Turesky modification of Quigley-Hein plaque index (TQHPI)	21 days and 2 months	Turesky modification of Quigley-Hein plaque index (TQHPI)(Turesky et al.,1970) on Ramfjord teeth (16, 21, 24, 36, 41, 44) will be performed.; Each tooth will be divided into 6 surfaces (mesiobuccal, mid buccal, disto-buccal, mesio-oral, mid-oral, disto-oral.) Each surface will be given a score. The score of all sites will be summed and divided by the number of sites to have the individual tooth index The subject mean plaque score will be calculated by summing all the plaque indices of teeth and dividing by the number of teeth.; Missing teeth from the Ramfjord index teeth (16, 21, 24, 36, 41, 44) will not be substituted.

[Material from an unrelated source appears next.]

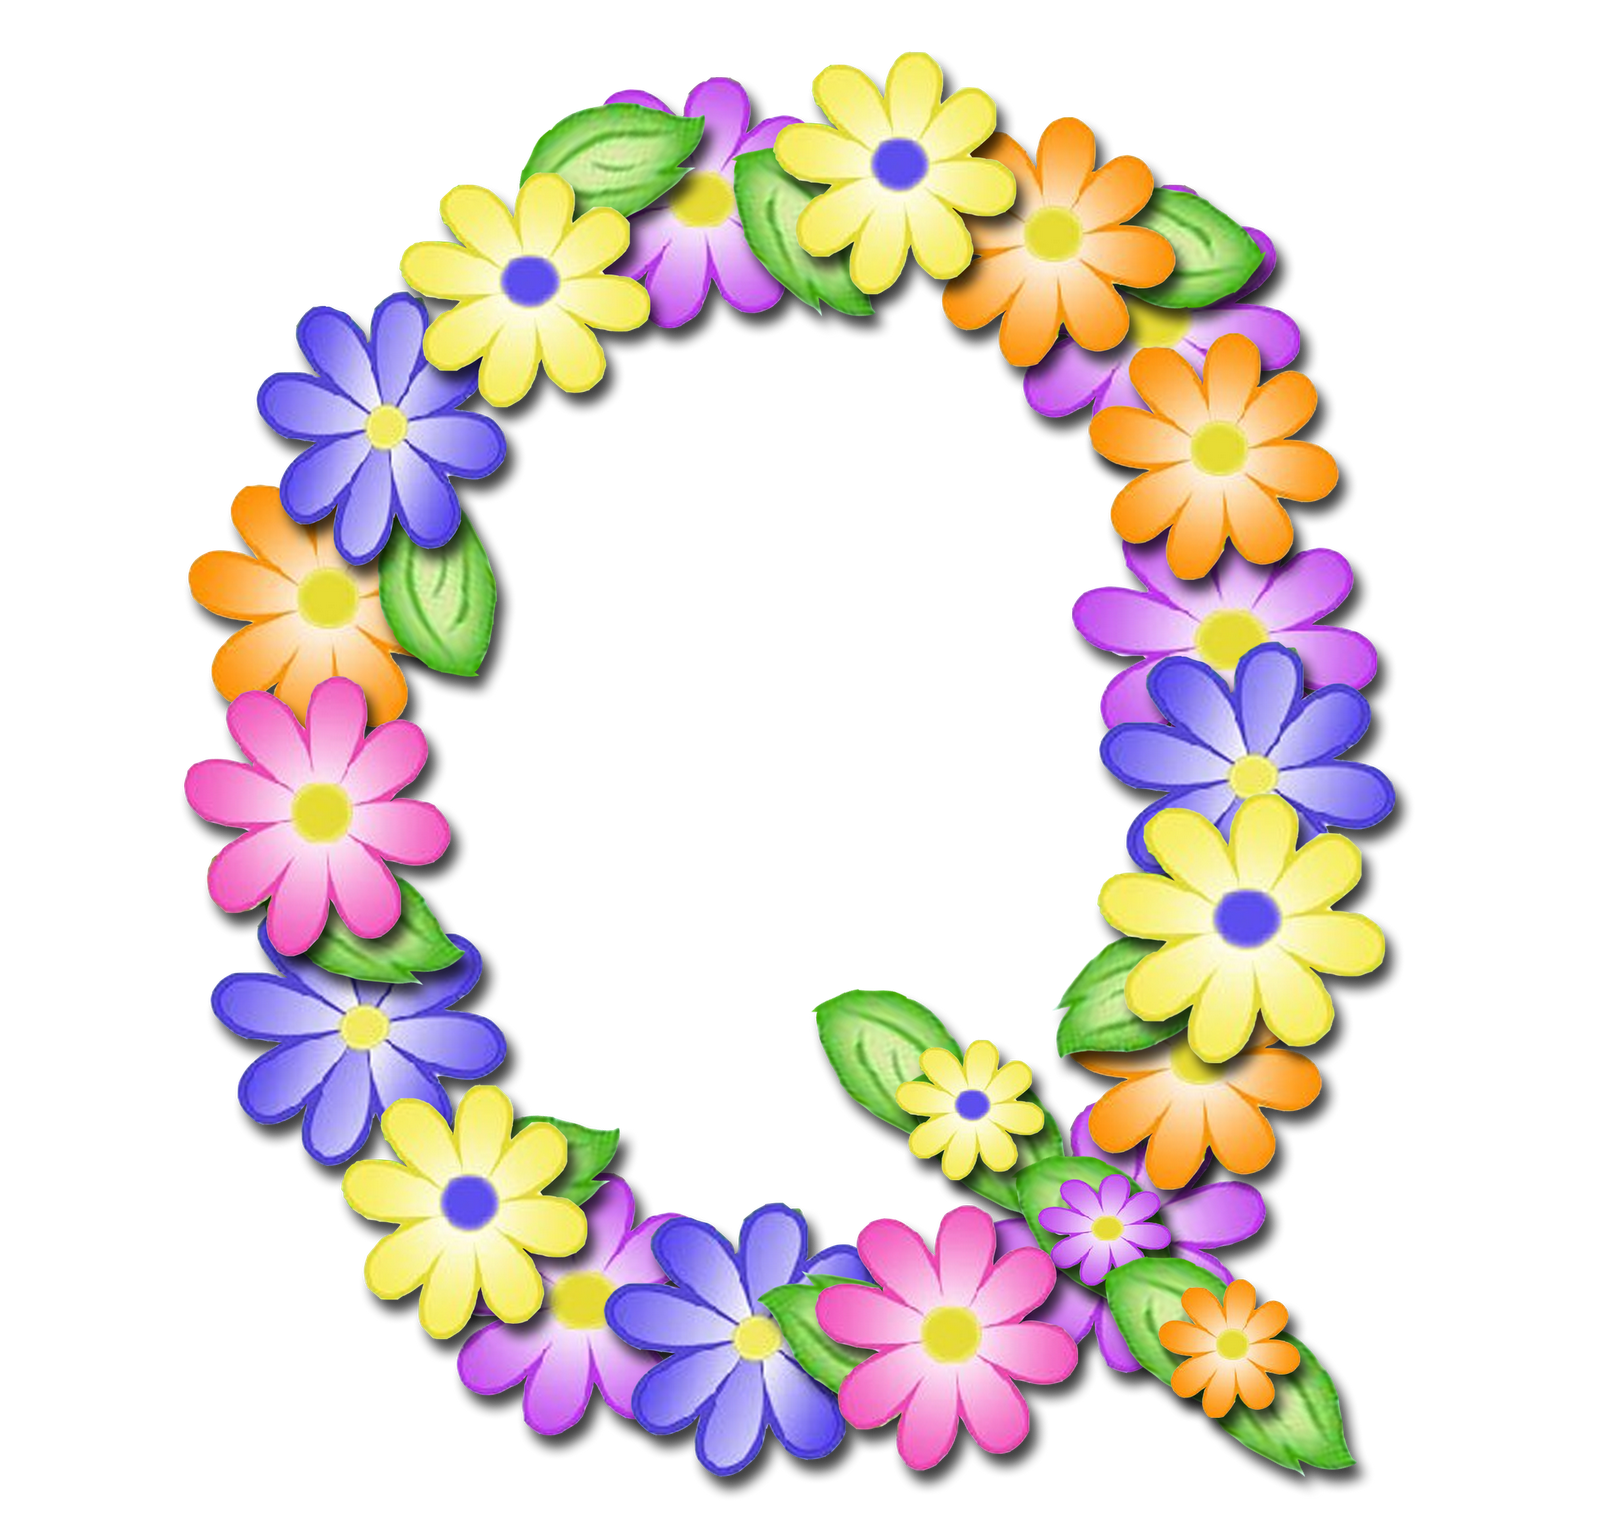 صور الحروف الإنجليزية بأجمل الزهور والورود بخلفية شفافة بنج png وجودة عالية للمصممين :: إبحث عن حروف إسمك بالإنجليزية - صفحة 2 Q
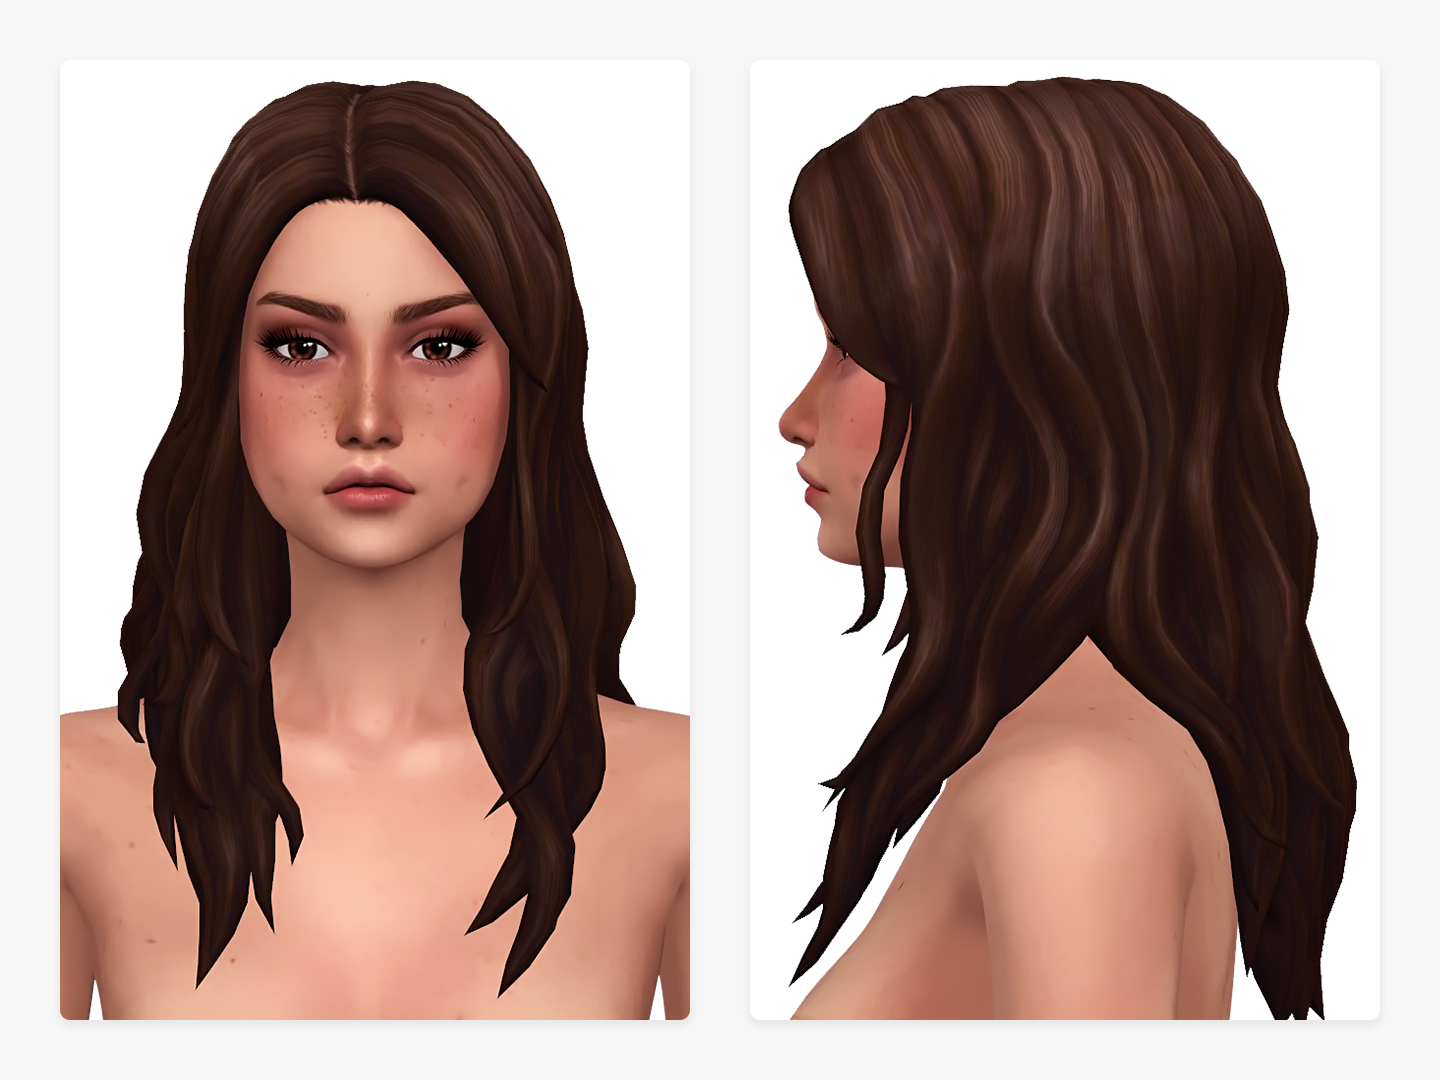 2. Mod The Sims - Downloads -> Create-a-Sim -> Hair - wide 5

Bray-Curtis Dissimilarity	2 months	It is a distance metrics that measures the beta-diversity. It quantifies the dissimilarity between microbial communitie/ the variation or differences in microbial communities between different samples. It ranges from 0 (identical communities) to 1 (completely different communities).
Biomarker concentrations from gingival cervicular fluid	2 months	The concentrations of a panel of biomarkers (IL-1β, TNF-α, IL-6, MMP-8,TIMP-1, TIMP-2) found within the gingival cervicular fluid (GCF) will be assessed with multiplex immunoassays. Unit: ng/mL or as appropriate based on assay's standard.